• [Activity]:
Omit the images, then repeat the listing exactly.

• [Information shown]:
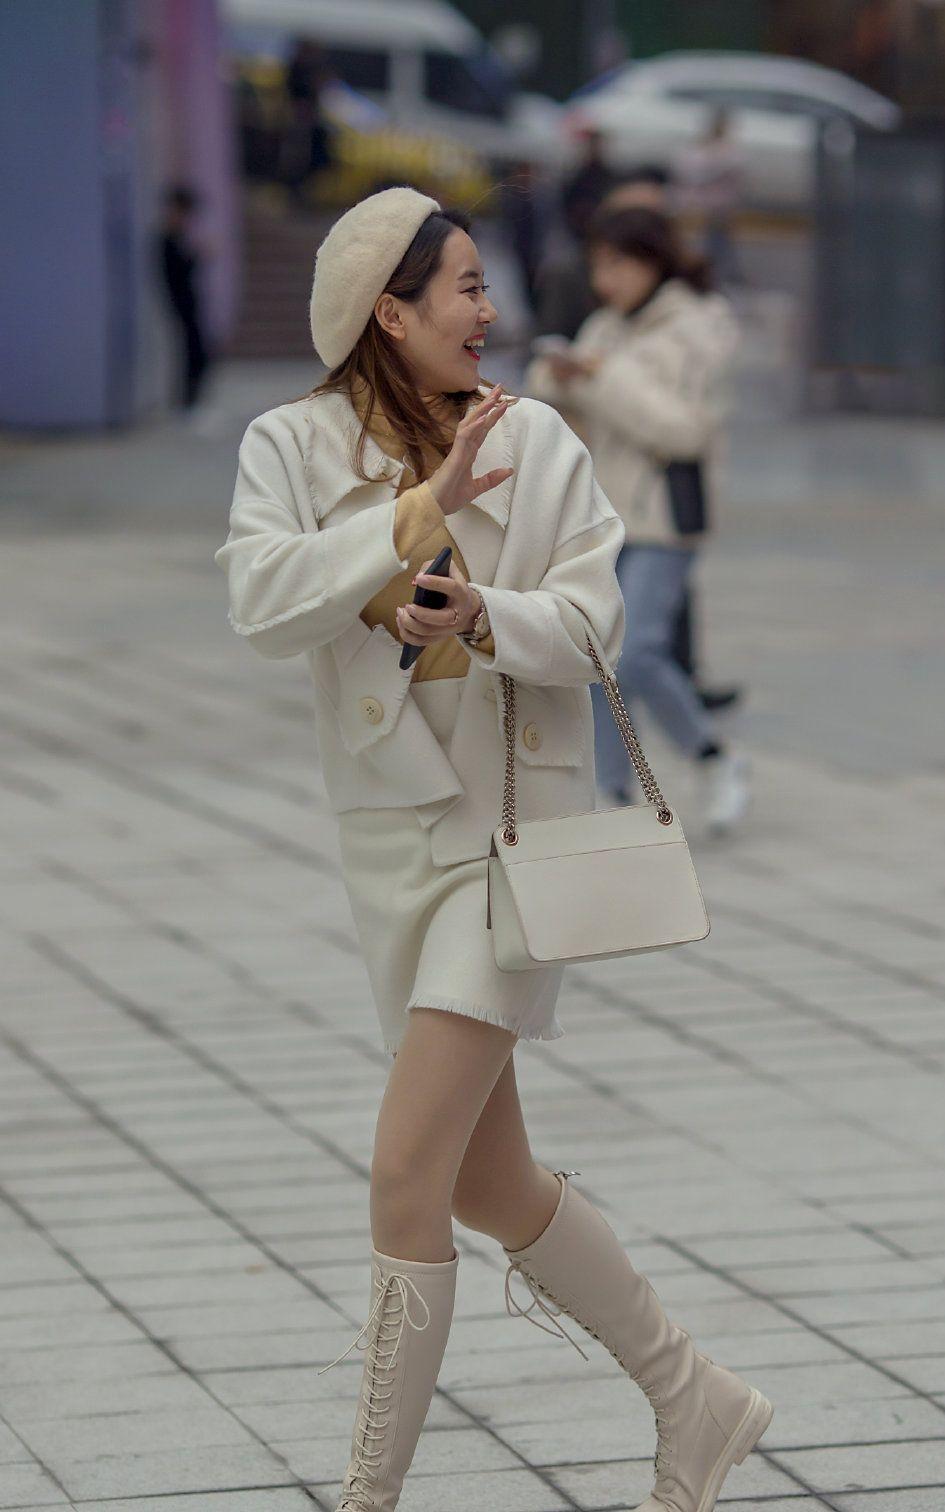 美女选择肉色丝袜,还原皮肤颜色,展现自然流畅的腿部线条
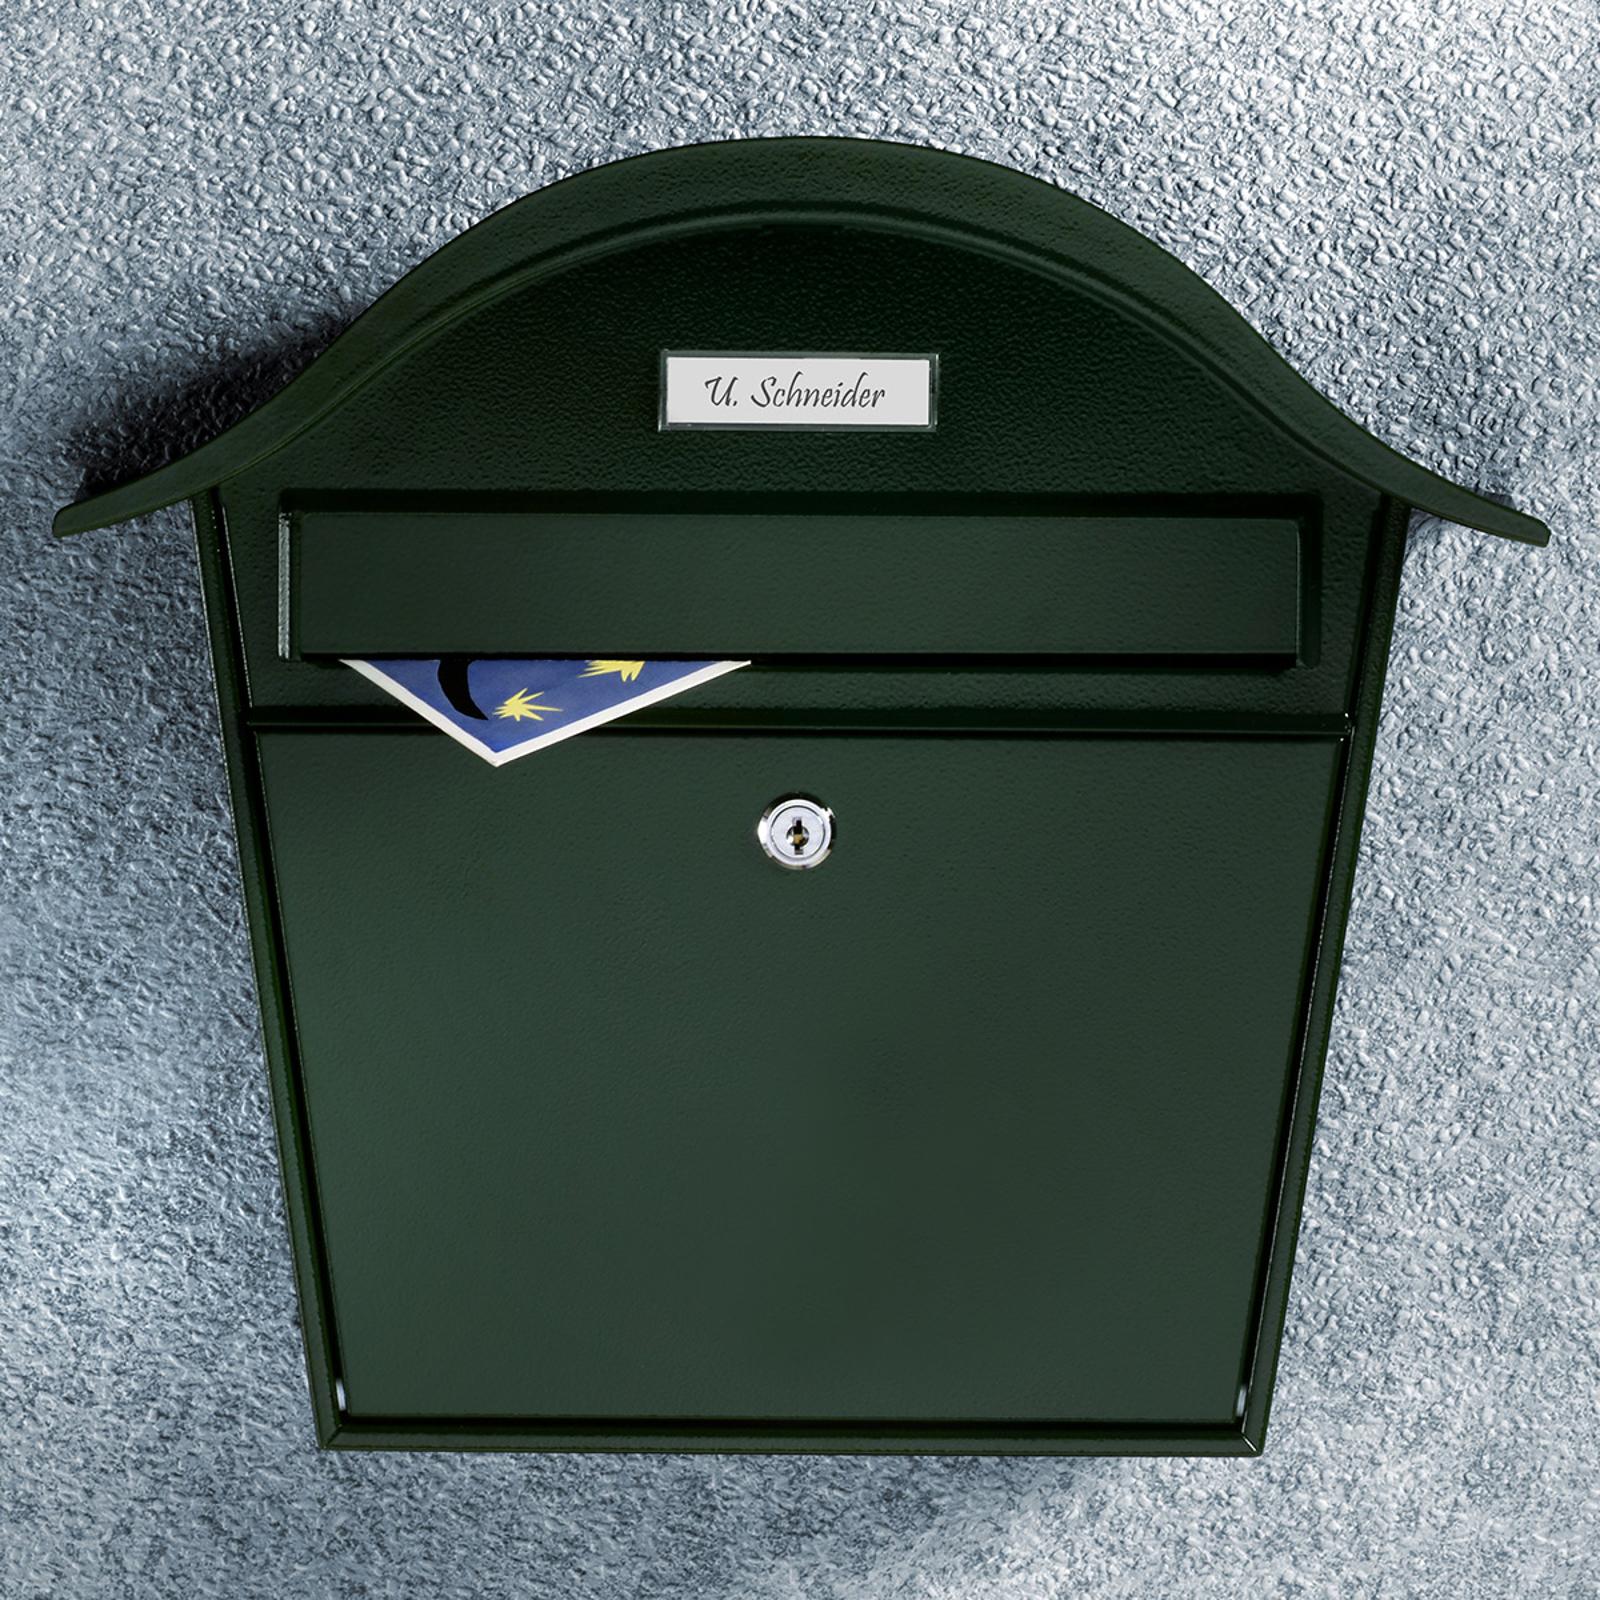 Groene brievenbus Holiday 5842 van staal
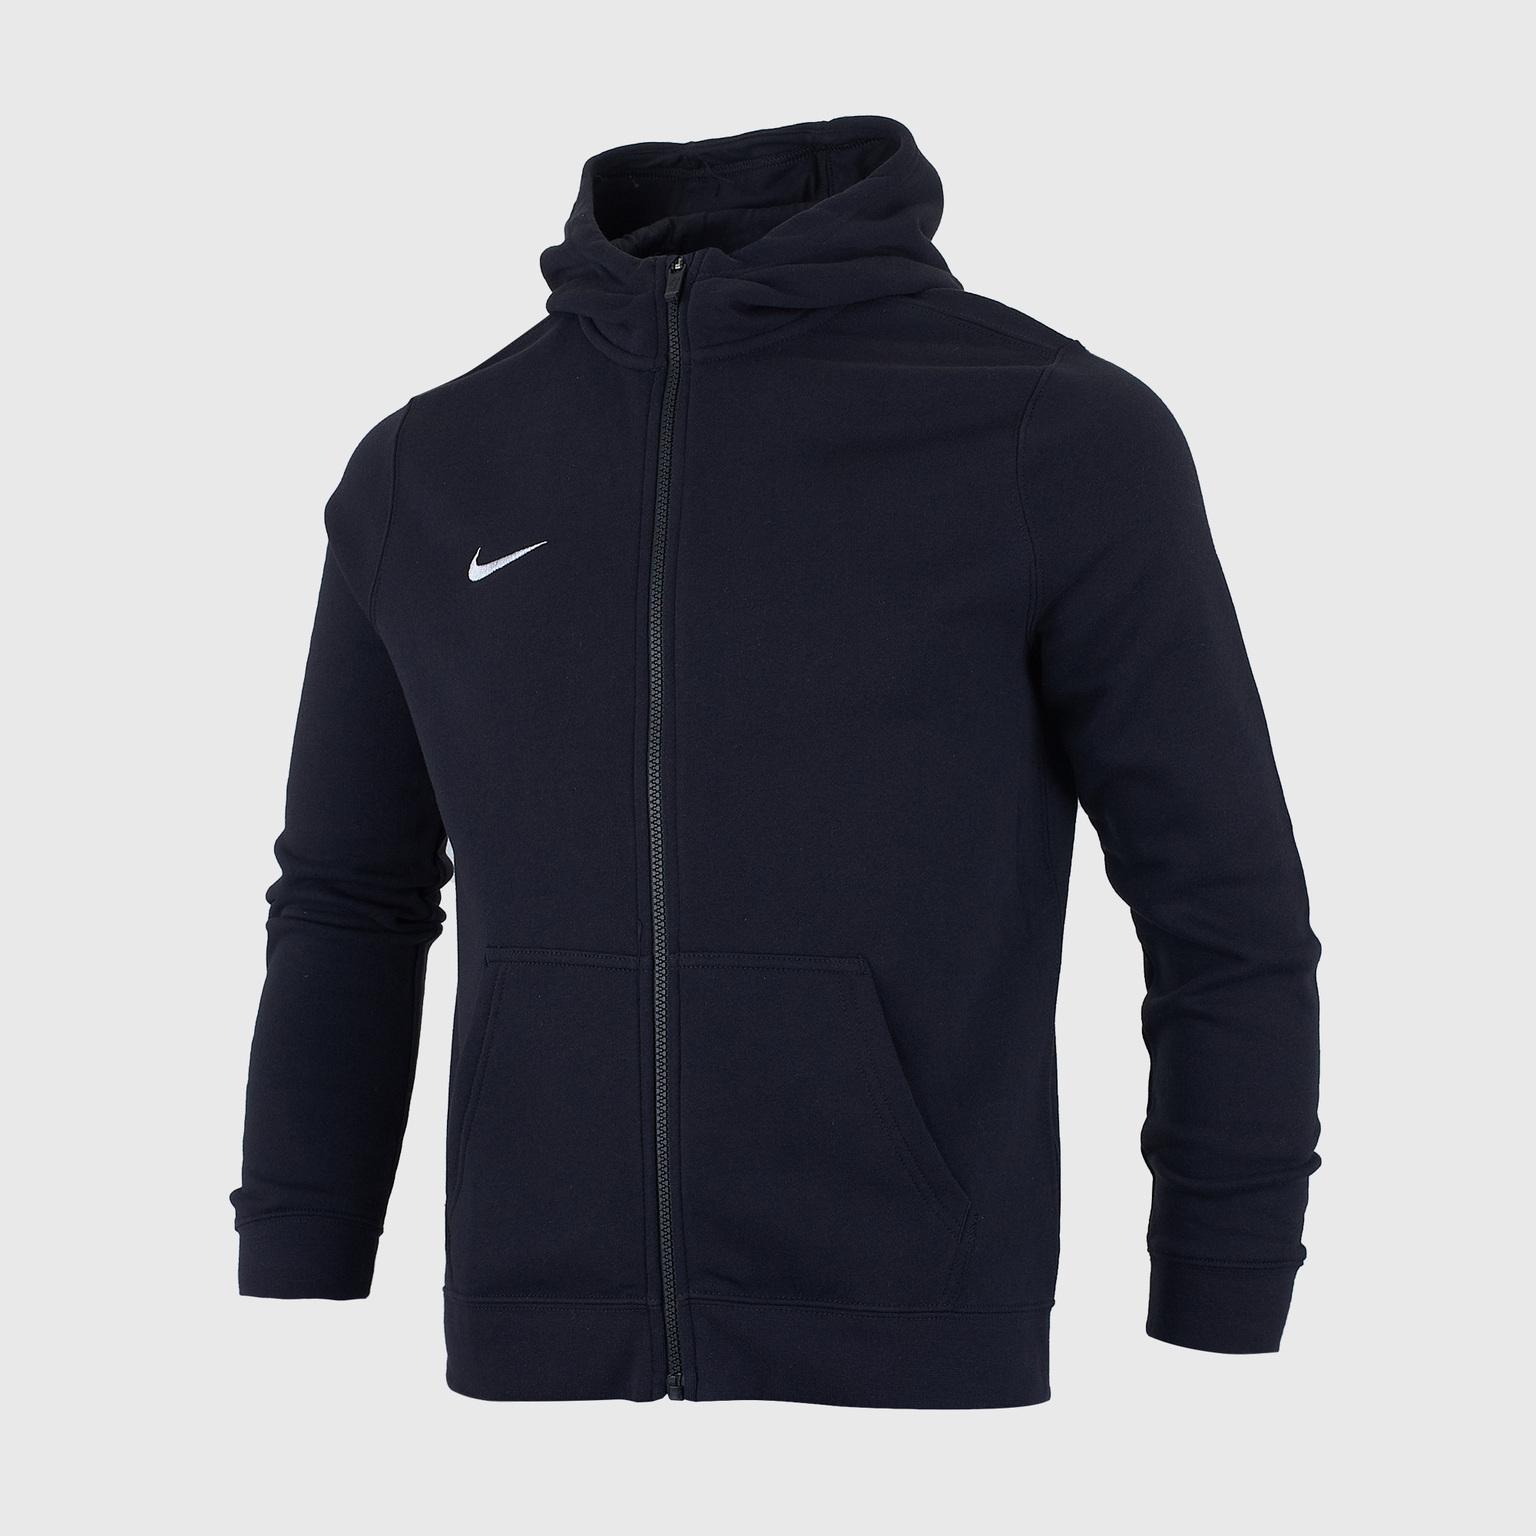 Толстовка подростковая Nike Hoodie FZ FLC Club19 AJ1458-010 толстовка nike nsw club hoodie 804346 010

• [Your response]:
 美女选择肉色丝袜,还原皮肤颜色,展现自然流畅的腿部线条
 Groene brievenbus Holiday 5842 van staal
 Толстовка подростковая Nike Hoodie FZ FLC Club19 AJ1458-010 толстовка nike nsw club hoodie 804346 010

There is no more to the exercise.